About
Kathleen (Kate) J. Waites is a Philadelphia native, former nun, author, scholar, public speaker, and emerita professor at the Halmos College of Arts and Sciences of Nova Southeastern University in Fort Lauderdale, FL. Her numerous scholalry publications appear in edited volumes, as well as in academic journals, including “The ‘I’ and the ‘Eye’: Mediated Perspective in the Documemoir”—a study of Sarah Polley’s film Stories We Tell and the inventive ways it straddles the line between fiction and non-fiction.
Author of Particular Friendships: A Convent Memoir (Xlibris, 2006), her debut novel The Faithful Ones (Invictus Press, Inc. 2025) is inspired by a true family story.
Featured Work
"TheFaithful Ones: A Novel"
Edward makes a choice, and Mary makes a vow.
In the fall of 1941, debates about duty to conscience and obligation to country simmer in the taverns of working-class Philadelphia, and on the pages of Dorothy Day's The Daily Worker. With a troubled heart Catholic pacifist and aspiring artist Edward Hohlfeld grudgingly complies with the draft. Weeks later, his principled stance on the bootcamp firing range turns Edward's life into a nightmare, landing him in a barbaric mental asylum.

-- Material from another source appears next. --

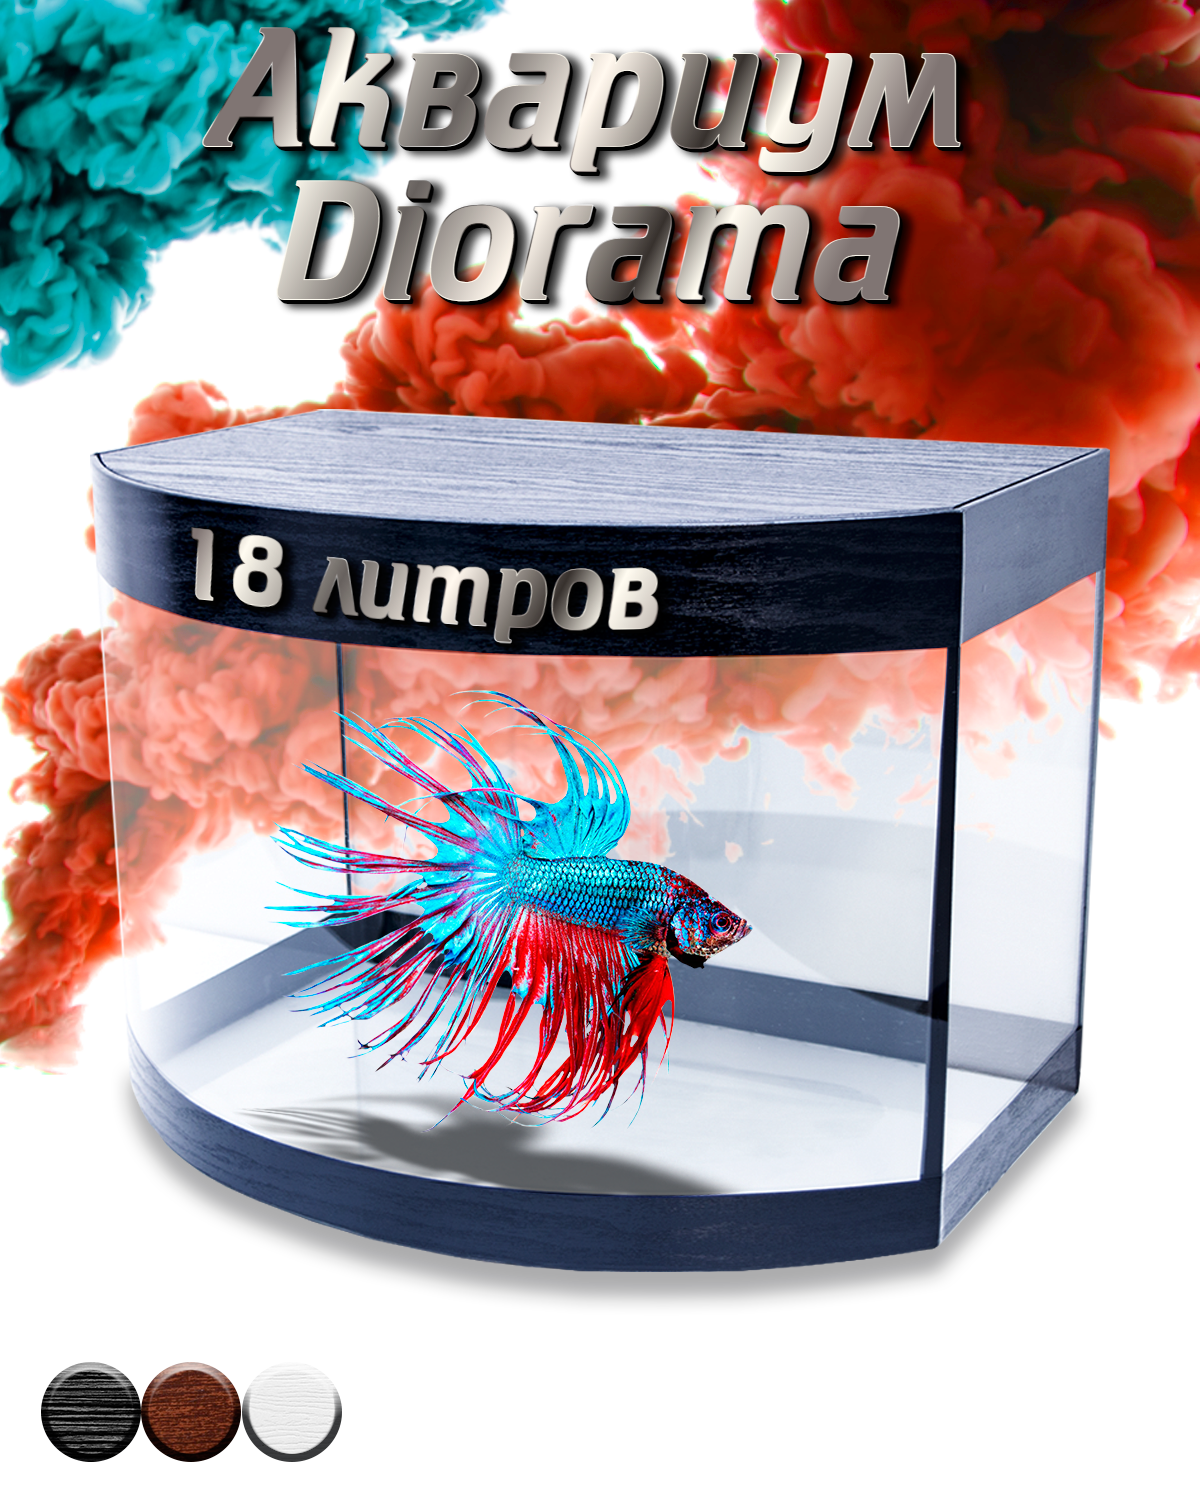 Аквариум для рыбок Diarama 18L Black Wood Edition

Edward's baffling fall from grace alienates him from family and sets his devoted sister Mary on a mission to figure out how his promising life went so awry. While Edward struggles for justice with his mind and humanity intact a world away, Mary follows clues to a dark truth about her brother's fate and the wages of family secrecy as well as the nation's shame.
This true family story dovetails with a national scandal concerning dubious military policies and corrupt U.S. mental asylums, shedding a much-needed light on a dark corner of American history. "The Faithful Ones" reminds us of the damage wrought by long-held family secrets and unchecked institutional authority. It also testifies to how a few earnest people of conscience that stand up to institutional injustice can and do make a difference.